A list of proposed budget cuts has teachers and staff in Proviso Township High School District 209 on edge, and during a meeting with state officials Monday, union members made clear that they are unhappy with what administrators are planning. Too often, said union leaders, financial concessions are made on the backs of teachers while those at the top of the power structure remain unaffected.

“We always get bombarded with these cuts,” Mona Johnson, president of the teachers’ union said. “This is ridiculous.”

Administrators in the township high schools are under the gun to develop a strategy by February that outlines how the district will reduce its deficits over the next several years. The financial plan must take Proviso through the end of fiscal year 2011.

Superintendent Nettie Collins-Hart said she expects the audit for fiscal year 2009 to be completed by mid December, which will tell school and state officials how much money needs to be saved in the coming years. A preliminary draft of the financial plan calls for up to $2.57 million in cuts.

During a November budget workshop held by the school board, President Chris Welch said part of the planning must be focused on long-term solutions.

“I see this list and I see bone,” Welch said of the administration’s proposed cuts. “We’ve got to remember what our purpose here is, and as a board we need to be committed to finding more revenue.”

The financial plan is being requested by the Illinois State Board of Education, which installed a financial oversight panel not quite a year ago to bring stability to the district’s ledger. For years, the school district has been hemorrhaging red ink and the oversight panel is expected to keep its fingers in the budgeting process for at least three years. State law allows the panel to remain for up to 10 years, if necessary.

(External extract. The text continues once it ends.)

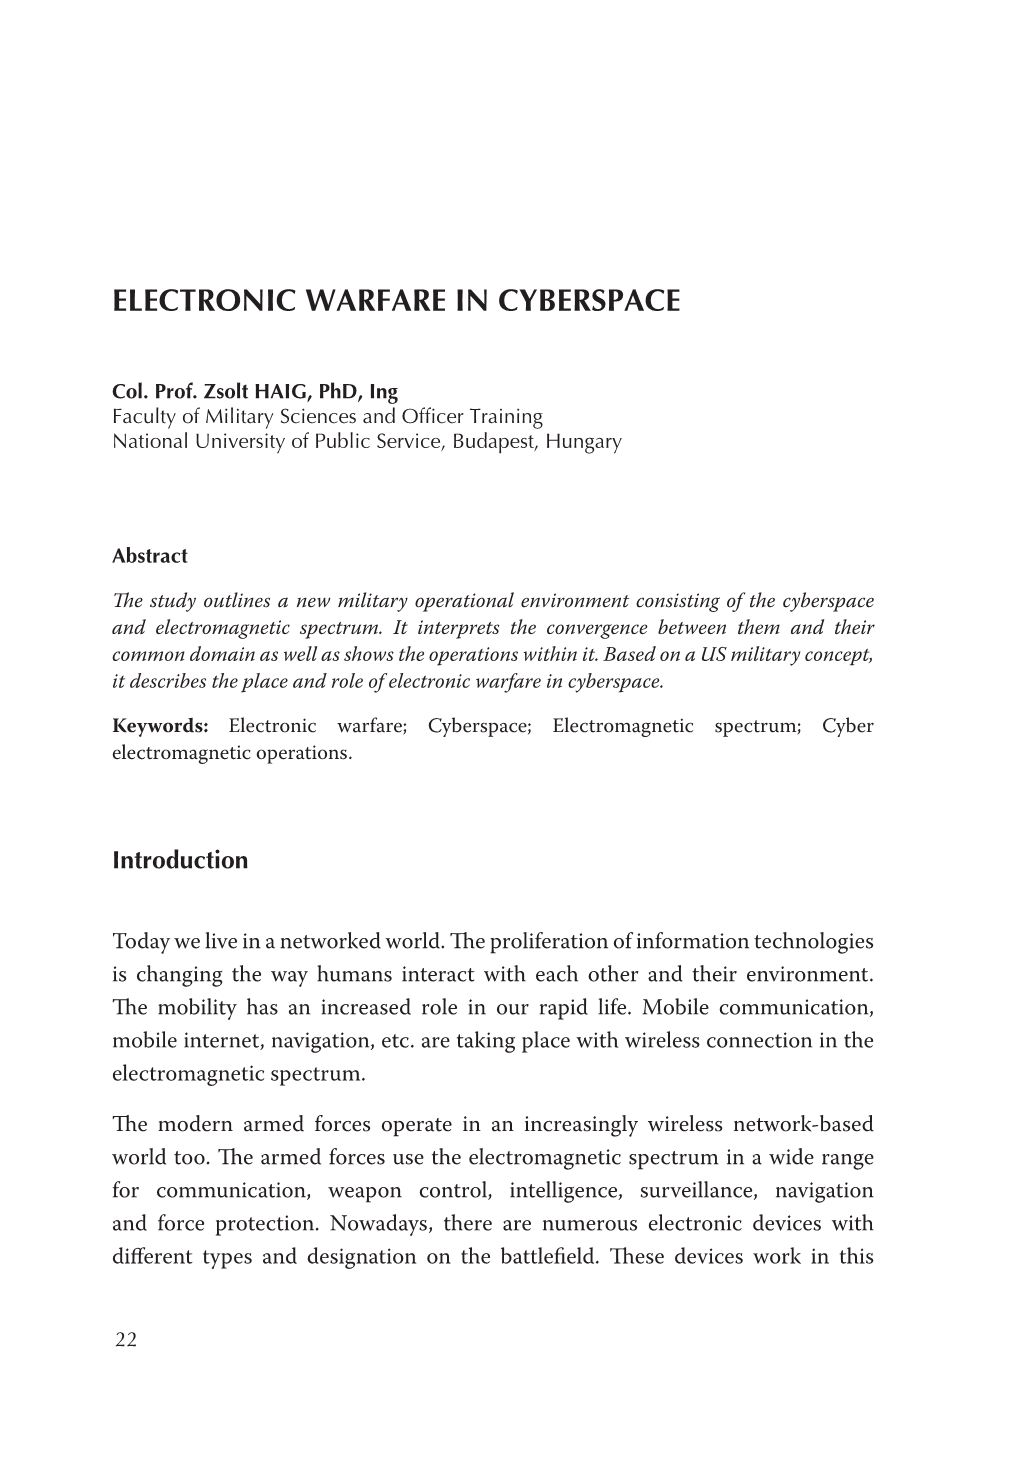 Electronic Warfare in Cyberspace

School administrators are proposing cuts primarily to staffing levels. Teachers, support staff, custodial workers and clerical positions are among those targeted for layoffs. Also, by potentially reducing programs – such as foreign languages, sports and technology instruction – the district may be able to save on curriculum costs.

During Monday’s discussion of the financial plan, teachers informed the oversight panel that they had not been asked by school administrators to participate in the budgeting process. On several occasions, after hearing those comments, panel members recommended that teachers be given a voice in how the district allocates its resources.

“I’m glad you made that suggestion, and I hope the administration takes you up on that,” Craig Schilling, a panel member, said to the union president.

Approximately 40 teachers from the district’s three campuses, Proviso East, Proviso West, and Proviso Math and Science Academy, attended the meeting. More than a half-dozen addressed the state-assembled panel with questions and to pose suggestions. Everything from the allocation of student fees to a tax referendum was mentioned.

Jim Popernik, chairman of the oversight panel, reminded teachers and the public that it remains the job of school administrators to implement whatever solutions are agreed to, and that the state is attempting only to guide those decisions. Repeated mention of asking voters to approve a tax referendum prompted Popernik to highlight the urgency of the district’s problems. A tax increase would be difficult to accomplish, he said, and wouldn’t bring any new revenue to the schools until the latter half of 2011.

“I think the reality is the district is in crisis right now,” Popernik said.